While this can be an attractive offer and strategic path for some, it’s essential to understand the impact on your finances before signing on the dotted line.

This guide will explore the downsides of reverse mortgages and help you understand when they make sense. 

How reverse mortgages work

With a reverse mortgage, homeowners 62 and older can borrow against their equity for a lump sum, monthly payout, or line of credit. Unlike a traditional mortgage, where borrowers make monthly payments, a reverse mortgage provides payments to the homeowner. 

Interest accrues over the life of the loan and is settled with the loan balance when the homeowner moves out, sells the home, or passes away. 

To qualify, individuals must:

  • Be 62 or older
  • Live in the home and keep it as their primary residence
  • Have enough income to cover home repairs, insurance, and property taxes
  • Own their property or most of the equity outright

The downside of reverse mortgages

Reverse mortgages aren’t free (or cheap)

Reverse mortgages are some of the most expensive loans on the market. You'll have upfront costs, like origination fees, closing costs, mortgage insurance premiums, and servicing fees, which skew higher than other loans. Interest rates also tend to be less favorable than other equity tools, which means the loan balance grows faster over time.

There are strict conditions over the life of the loan

To keep the loan in good standing, you'll have to comply with various conditions. You'll be expected to:

  • Live in the home as your primary residence
  • Make on time property tax and homeowners insurance payments
  • Maintain the home to the lender's satisfaction

Failing to meet any of these can result in the lender triggering the loan due. This means immediate repayment of the loan plus interest. Depending on your financial standing, you may be forced to part with the home to repay the debt. 

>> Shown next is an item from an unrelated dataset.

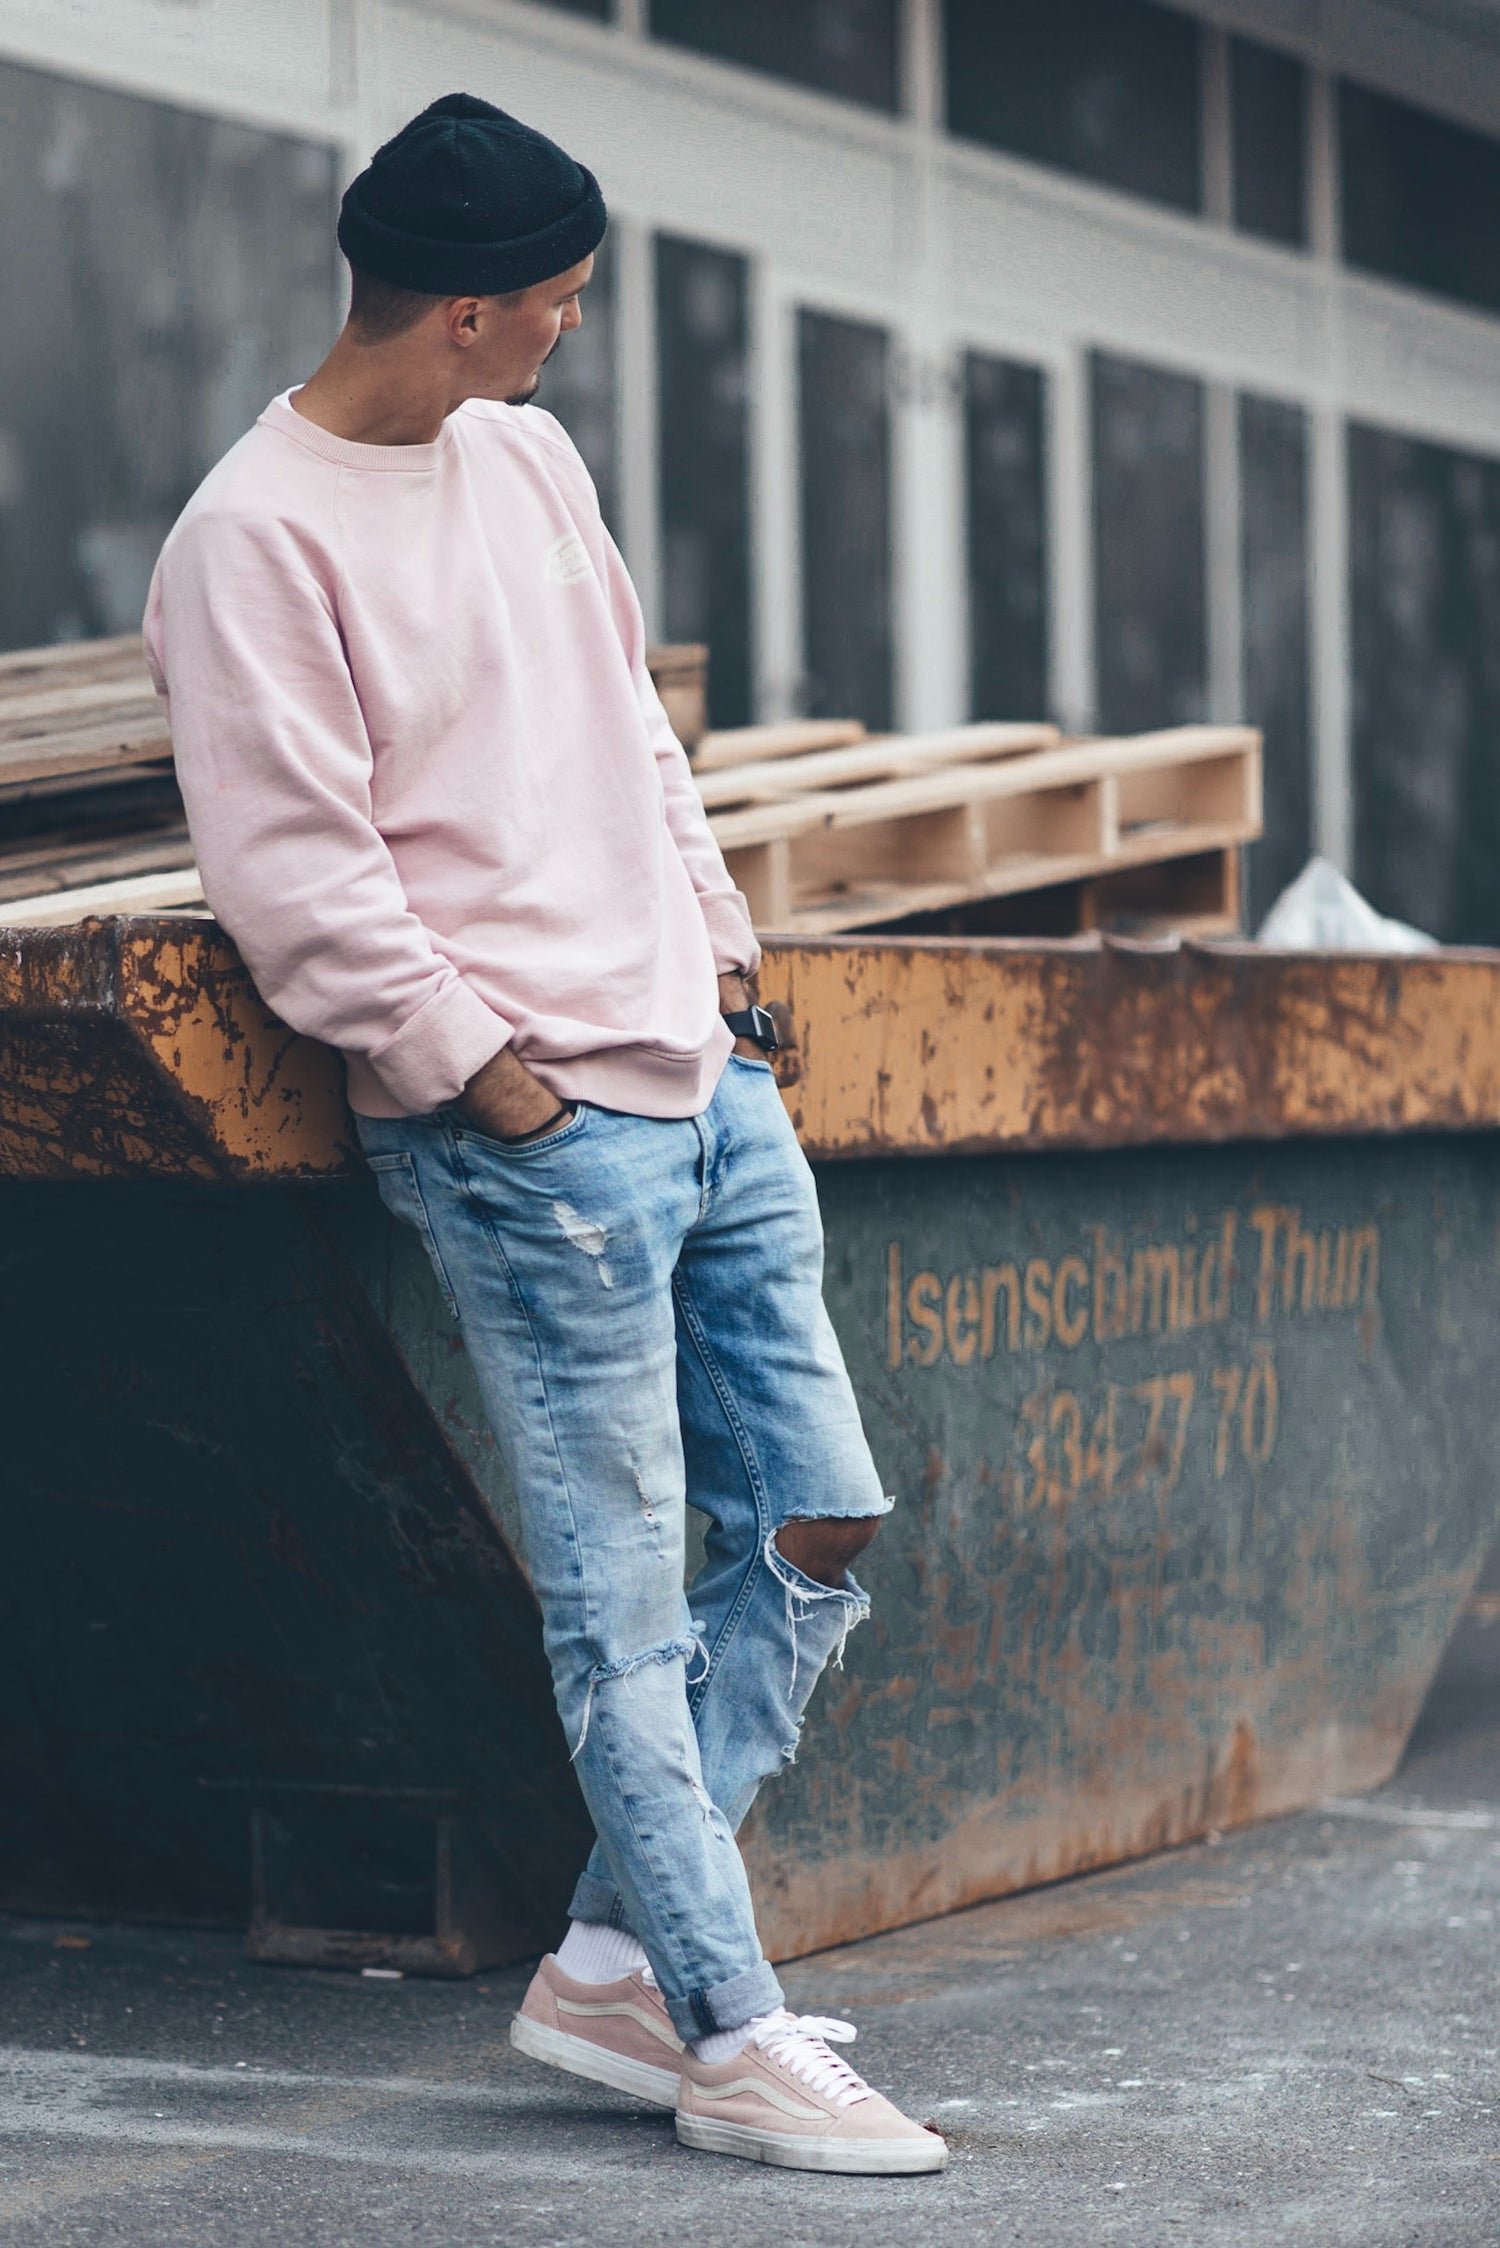 Model wearing a black beanie, pink sweatshirt, and torn jeans.

Diminishes your equity (and flexibility)

Since interest accrues over time and you can't pay it down, your loan balance grows quickly—leaving little or no equity for yourself or your heirs. This can make it near-impossible to borrow against your equity again in the future or enjoy a nice payday when it comes time to sell. 

Not all reverse mortgages offer federal protection

There are three types of reverse mortgages on the market—home equity conversion mortgages (HECMs), ‍single-purpose reverse mortgages, and proprietary reverse mortgages. Each comes with notable distinctions that can make all the difference in eligibility, terms, and costs. 

While HECMs are insured by the Federal Housing Administration (FHA), the other types don't offer the same level of protection. As a result, you'll have fewer consumer safeguards and stricter terms. For example, HECMs are non-recourse, meaning you'll never owe more than the home is worth—this is not guaranteed with other reverse mortgages. 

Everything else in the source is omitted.